I took the family to see Julius Caesar at The Old Globe. The show was part of The Old Globe and University of San Diego Shiley Graduate Theatre Program, so the performers were MFA candidates. We’d seen a few of them before at The Old Globe in Much Ado About Nothing and The Tempest.
Although I’d seen the BBC Shakespeare version of Julius Caesar (1979), and also a BBC Play of the Month version (1969, well worth seeking out for Edward Woodward’s Cassius), this was the first time I’d seen the play live. Both recorded versions were done in Romanesque period dress; this live performance was done in the round with hints of period dress and – especially as the play progressed and the focus turned to Mark Antony and the Triumvirate – blatant nods to modern dress.
The play began with something of a framing device, as boisterous mechanicals presented a bawdy play extempore in which Caesar’s military triumphs were celebrated and Caesar and Calphurnia’s failure to have a child and heir was gleefully mocked.
The casting of women as Brutus and Cassius and men as Caesar, Mark Antony, and Octavius almost made the play a commentary on the struggle against the patriarchy. My teenage son supported Team Caesar, insisting that an enlightened dictatorship is the most efficient form of government. History would seem to support him; the Roman Republic lasted about 500 years, the Roman Empire that had its genesis in Julius Caesar but was set into motion by Octavius lasted 1,500 years if you count the powerful eastern half that became the Byzantine Empire. Even longer if you count the still-powerful, still-patriarchal church centered in Rome.

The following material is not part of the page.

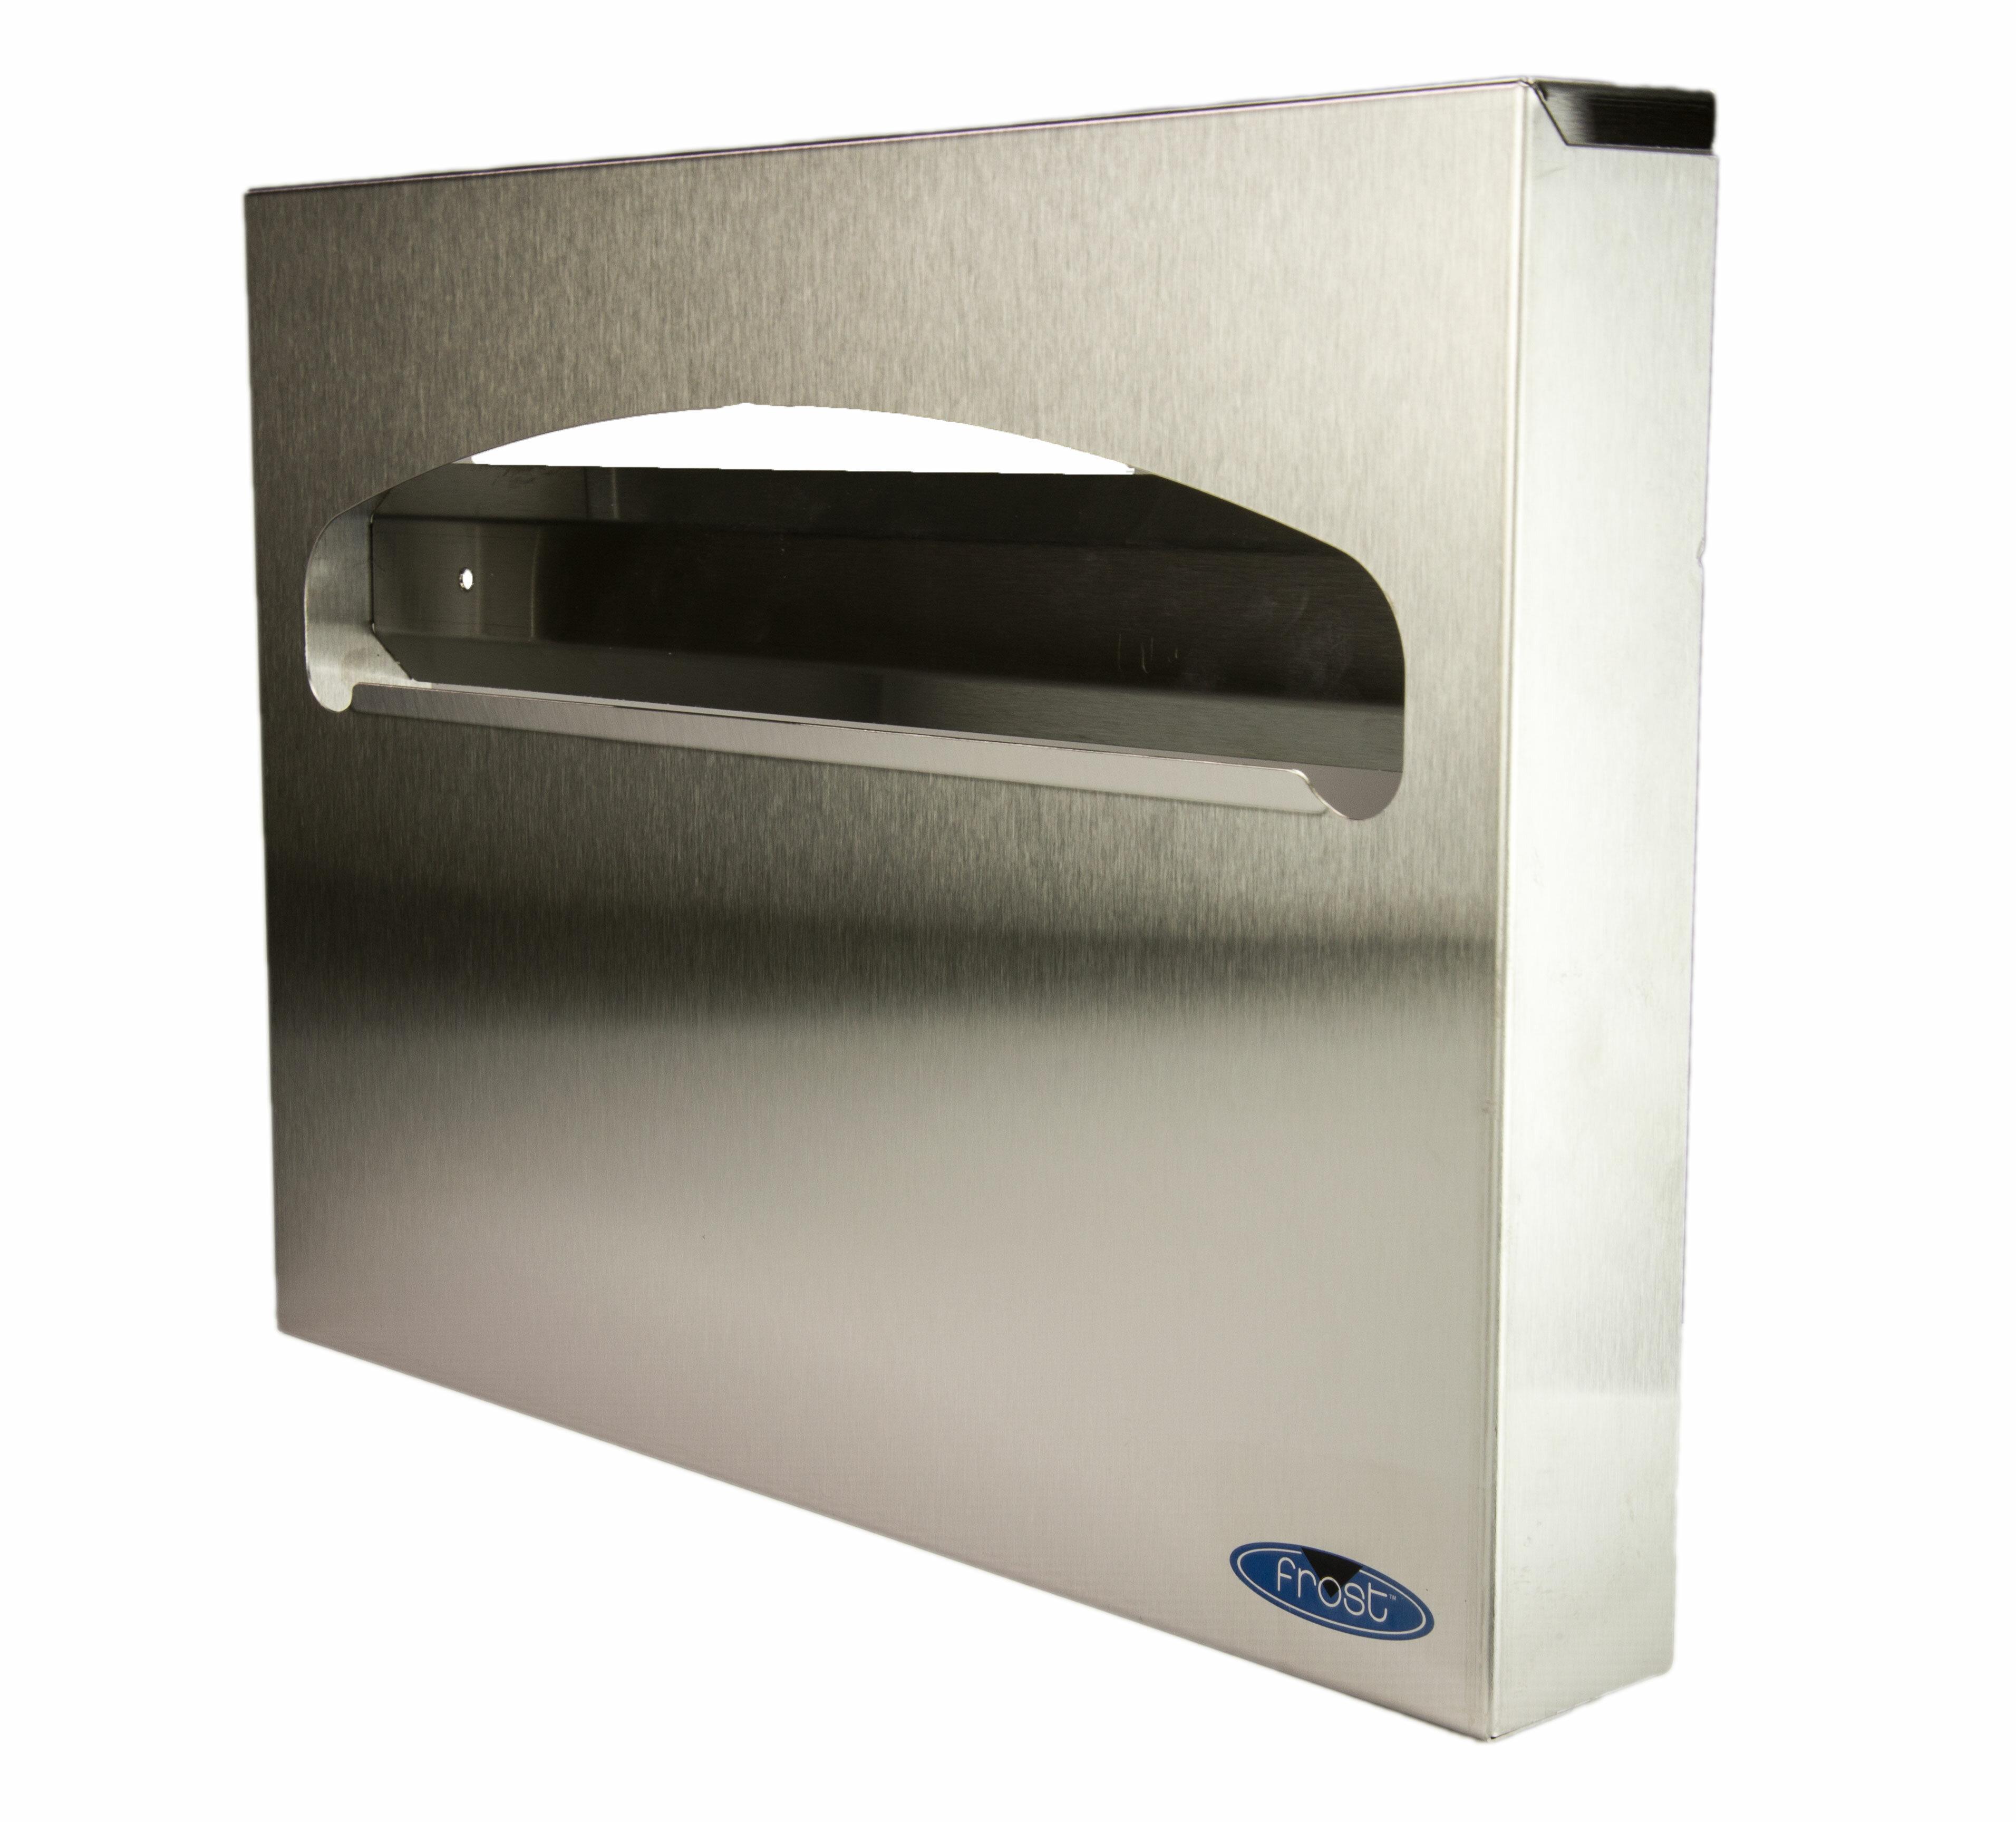 Awe Inspiring Toilet Seat Cover Dispenser Evergreenethics Interior Chair Design Evergreenethicsorg

My wife and I, though, were Team Brutus people, although the reality is that they were oligarchs who, rather like the American revolutionaries (ahem, looking at you Hamilton), were largely protecting their own interests.

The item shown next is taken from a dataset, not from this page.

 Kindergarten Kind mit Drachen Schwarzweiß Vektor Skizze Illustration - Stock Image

I especially liked this Mark Antony’s disingenuousness, a watchfully manipulative characteristic that moved to the fore as the play progressed. This Cassius, too, was insincere, so the contest was really between Cassius and Mark Antony, two equivocators, over the fate of honest Brutus. I liked how the triumvirate were dressed in shiny, modern steel gray suits with Romanesque sashes of red. And, I thought the doubling of Caesar with Strato, who holds the sword for Brutus to run upon, was a nice finishing touch.
In all, a perfect evening: Shakespeare, a beautiful fall evening in Balboa Park, and a deep, long conversation with our teenager, what could be better?